“Why don’t you tell me more about this ex-boyfriend you mentioned on the phone? I need as many details as you’re willing to offer.”
I inhaled a steadying breath and released it. Then I started talking. I couldn’t help feeling a prickle of embarrassment as I spoke. When I laid it all out like this, it seemed painfully obvious that Chett was a total asshole. Why did I waste five whole years of my life on that prick?
And now, I felt…gross, tainted, burdened by the searing brand of his words on my brain.
You look like a beached whale in that dress. Change into something else. I don’t want to be seen with you in that thing at dinner.
You’re lucky that you landed a guy like me. No one else would put up with your crap the way I do.
Come on, you can’t blame me for cheating. A majority of women are prettier than you. It’s just part of a man’s nature to appreciate a beautiful woman.
My voice cracked at the flood of memories and I broke off mid-sentence.
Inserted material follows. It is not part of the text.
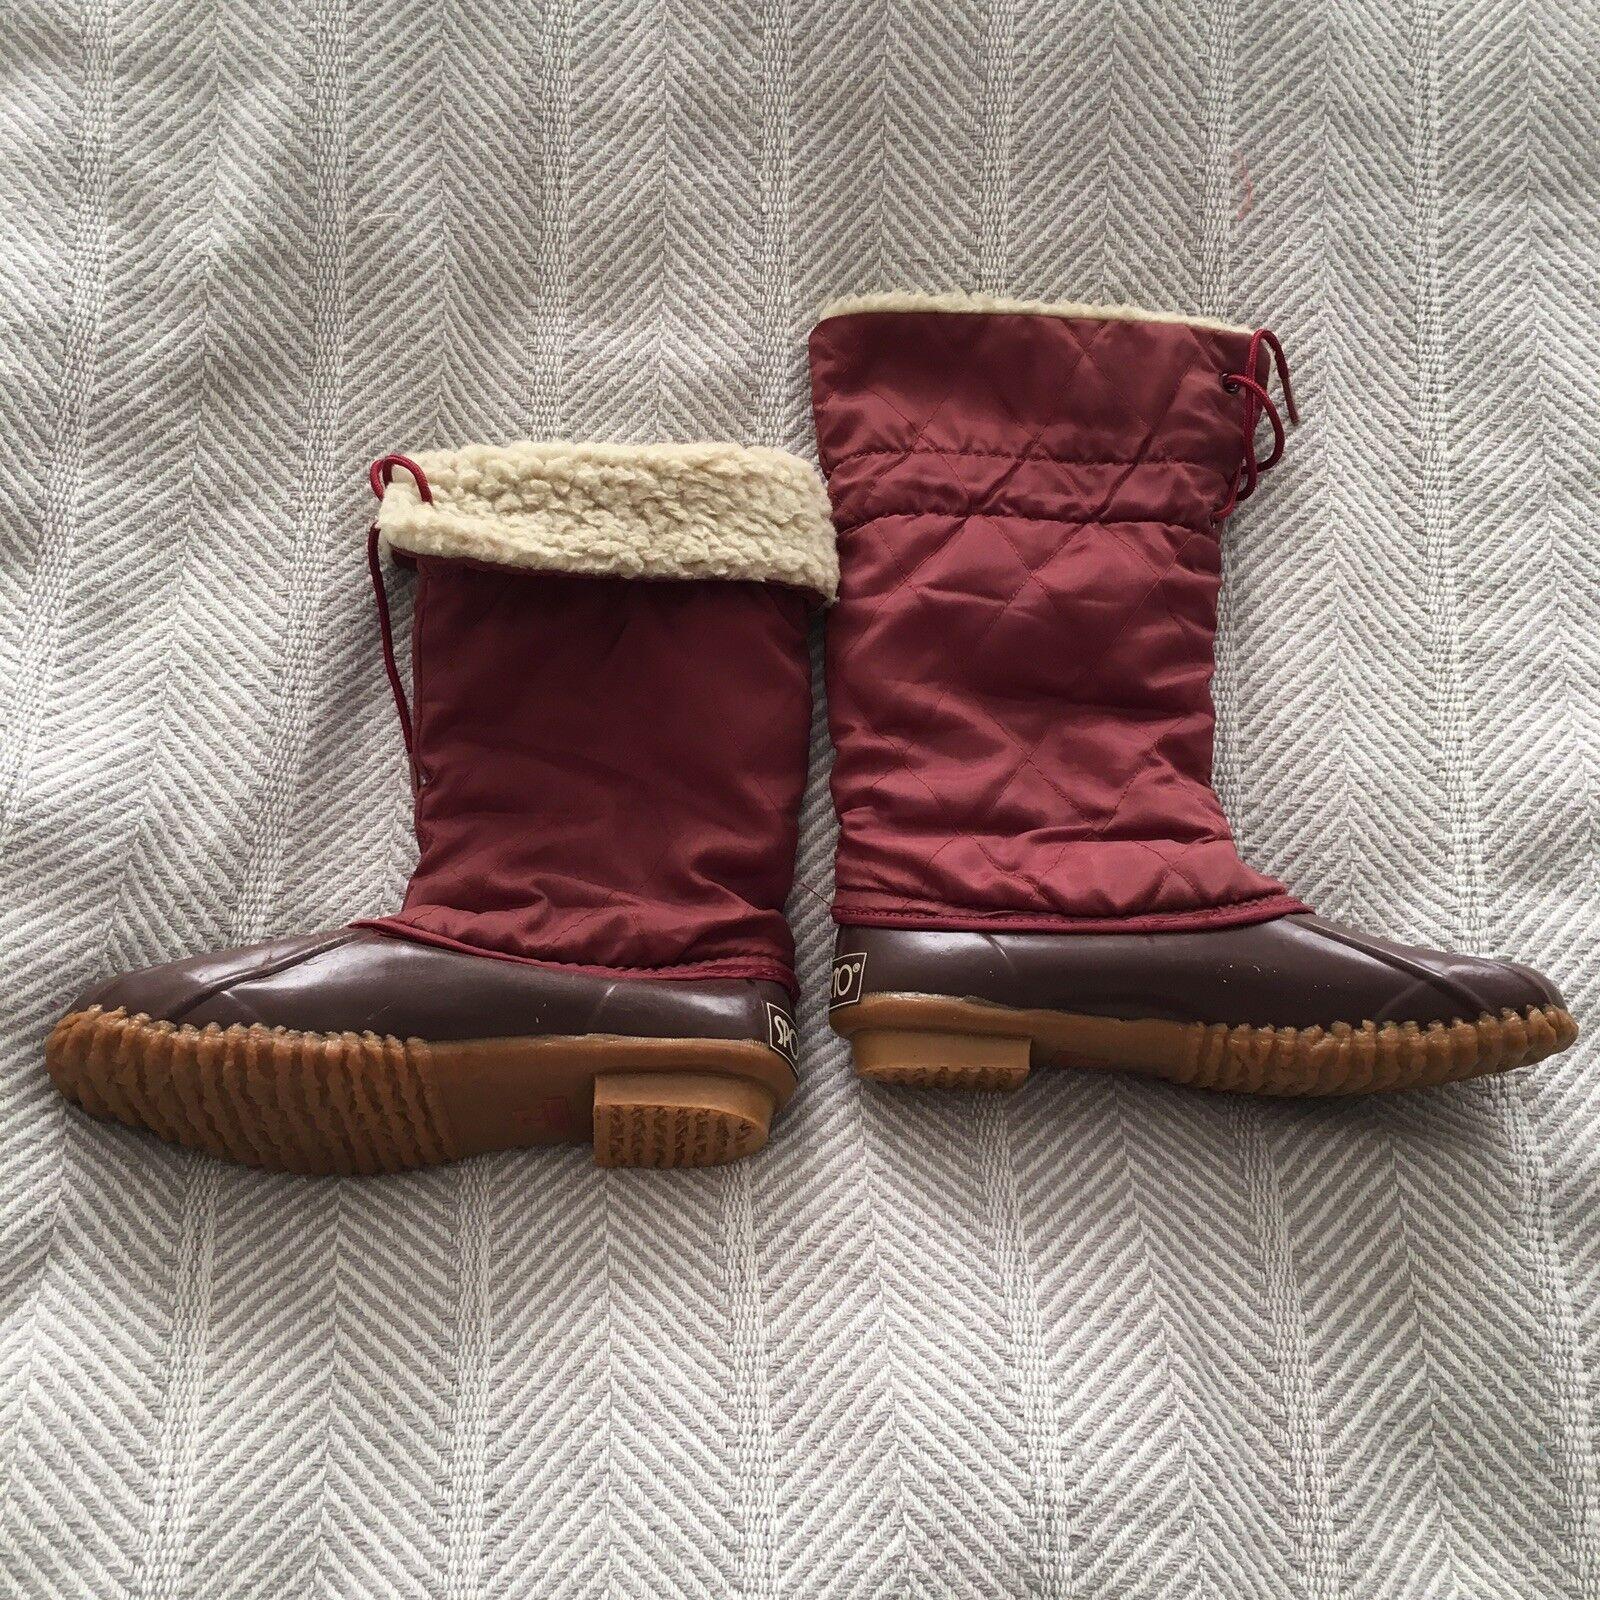 Vintage Sporto Quilted Fleece Lined Tall Duck bottes Sz 7 Korea EUC

I clutched my coffee cup, biting my lower lip as I fought to compose myself again.
“I’ve heard enough,” Nitro said gently. “You don’t have to continue.”
I nodded, grateful for that. The tightness in my throat prevented a reply though. I turned to the paperwork before me, but my vision was too blurry with tears to see anything more than a stream of fuzzy words. Grabbing the pen, I signed my name on the dotted line and pushed the paperwork back to Nitro.
Whatever his terms were, I would agree to them as long as it meant getting this bastard ex out of my life so I could move on and put him behind me.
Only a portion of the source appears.